Speeding up Transformers

June 28, 2023.

I recently read two shorter publications both addressing speed and memory usage of vanilla transformers. I glanced through them fairly quickly and therefore I have bundled them into a single blog entry. Generating Long Sequences with Sparse Transformers from OpenAI introduces Sparse Transformers and Fast Transformer Decoding: One Write-Head is All You Need is a solo paper proposing a Multi-Query Attention variant to Multi-Head attention.

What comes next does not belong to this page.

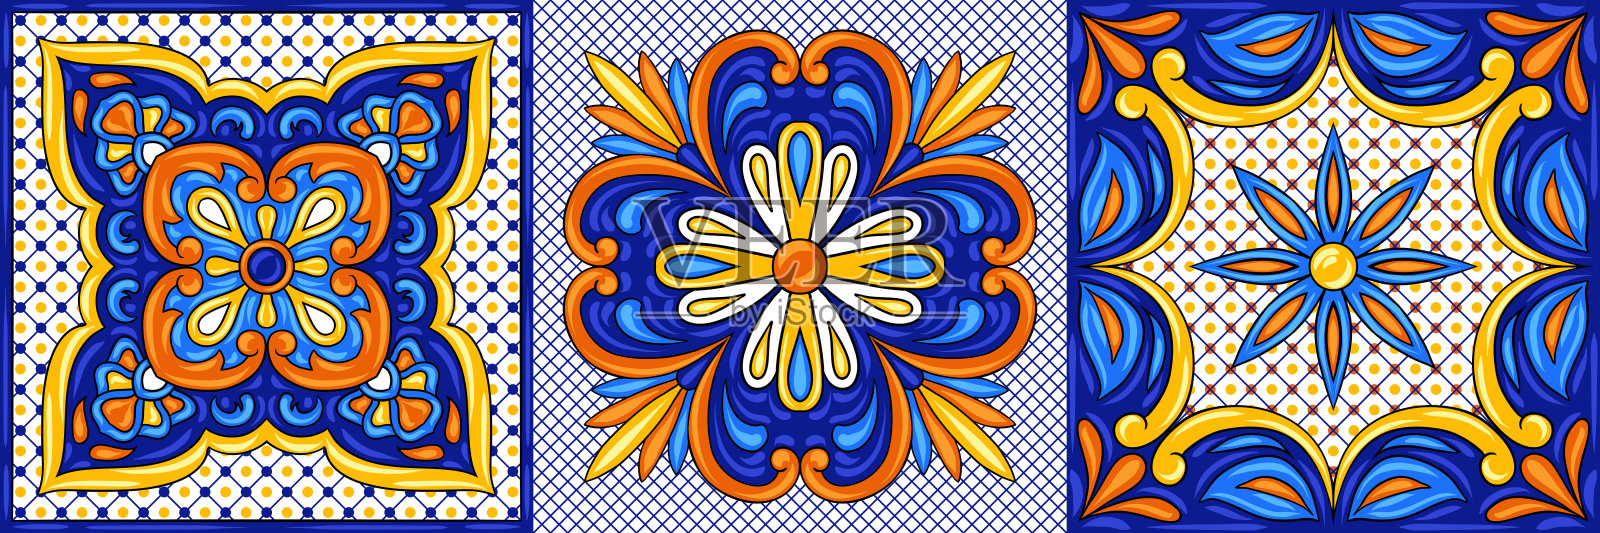 墨西哥塔拉维拉瓷砖图案。民族民间装饰。插画图片素材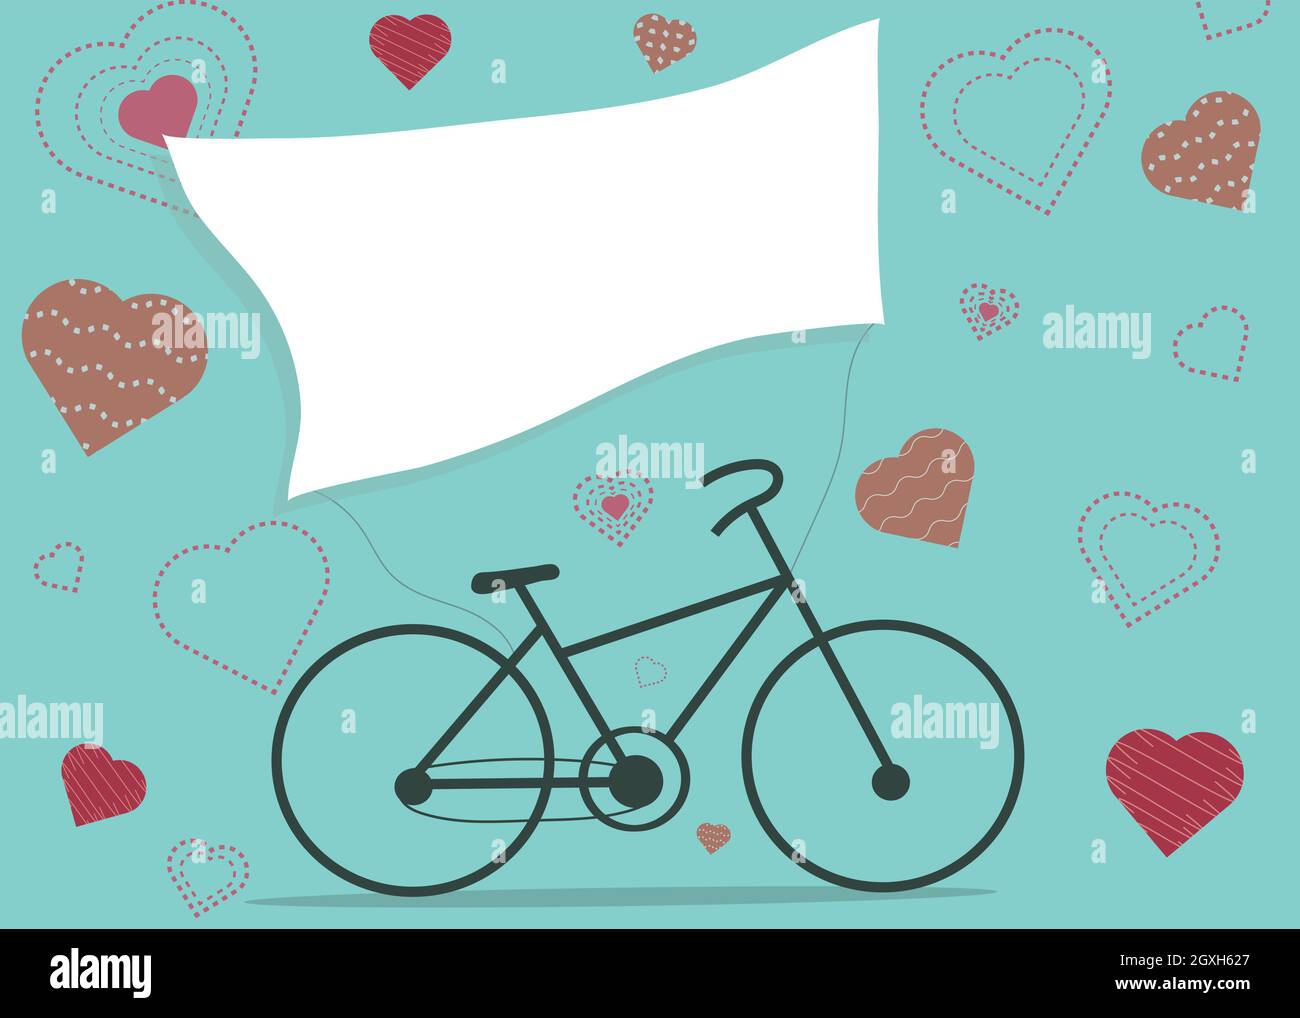 Ein Fahrrad-Design mit Herz und weißem Verkaufsbanner auf blauem Hintergrund. Glückliche Valentinstag Vektor-Illustration. Stockfoto

Generating Long Sequences with Sparse Transformers

Sparse Transformers are a proposed architecture to handle long sequences more efficiently. By employing a sparse attention mechanism, attention is restricted to a subset of tokens instead of computing attention for all tokens. The authors presents fixed and learned attention patterns as two strategies to achieve sparse attention. Fixed attention patterns leverage positional relationships to determine the subset of tokens attended to, while learned attention patterns allow the model to learn the relevant attention connections based on the input data. The result of this is a architecture where time and memory no longer grow quadratically with the sequence length, but rather (O(n*\sqrt(n))).

Fast Transformer Decoding: One Write-Head is All You Need

Noam, the solo author of this incredibly concise and clear paper (well done!), focuses on accelerating the decoding process in transformer models by minimizing the number of write-heads in the attention mechanism. Transformers are ubiquitous partly due to their capability of modelling inter and intra-sentence dependencies in a very efficient way. During training a lot of speed up can be achieved by parallelization across the length of the sequence. Despite this, incremental inference is often slow, due to repeated loading of the keys and value tensors. The authors tackle this problem by introducing a variant to Multi-head attention, which if you recall is multiple attention layers in parallel with different linear projections of the keys, value and queries, called Multi-query attention. Multi-query attention is identical except that the different heads share a single set of keys and values. This greatly speeds up inference and my understanding is that this method is employed in several modern LLM's.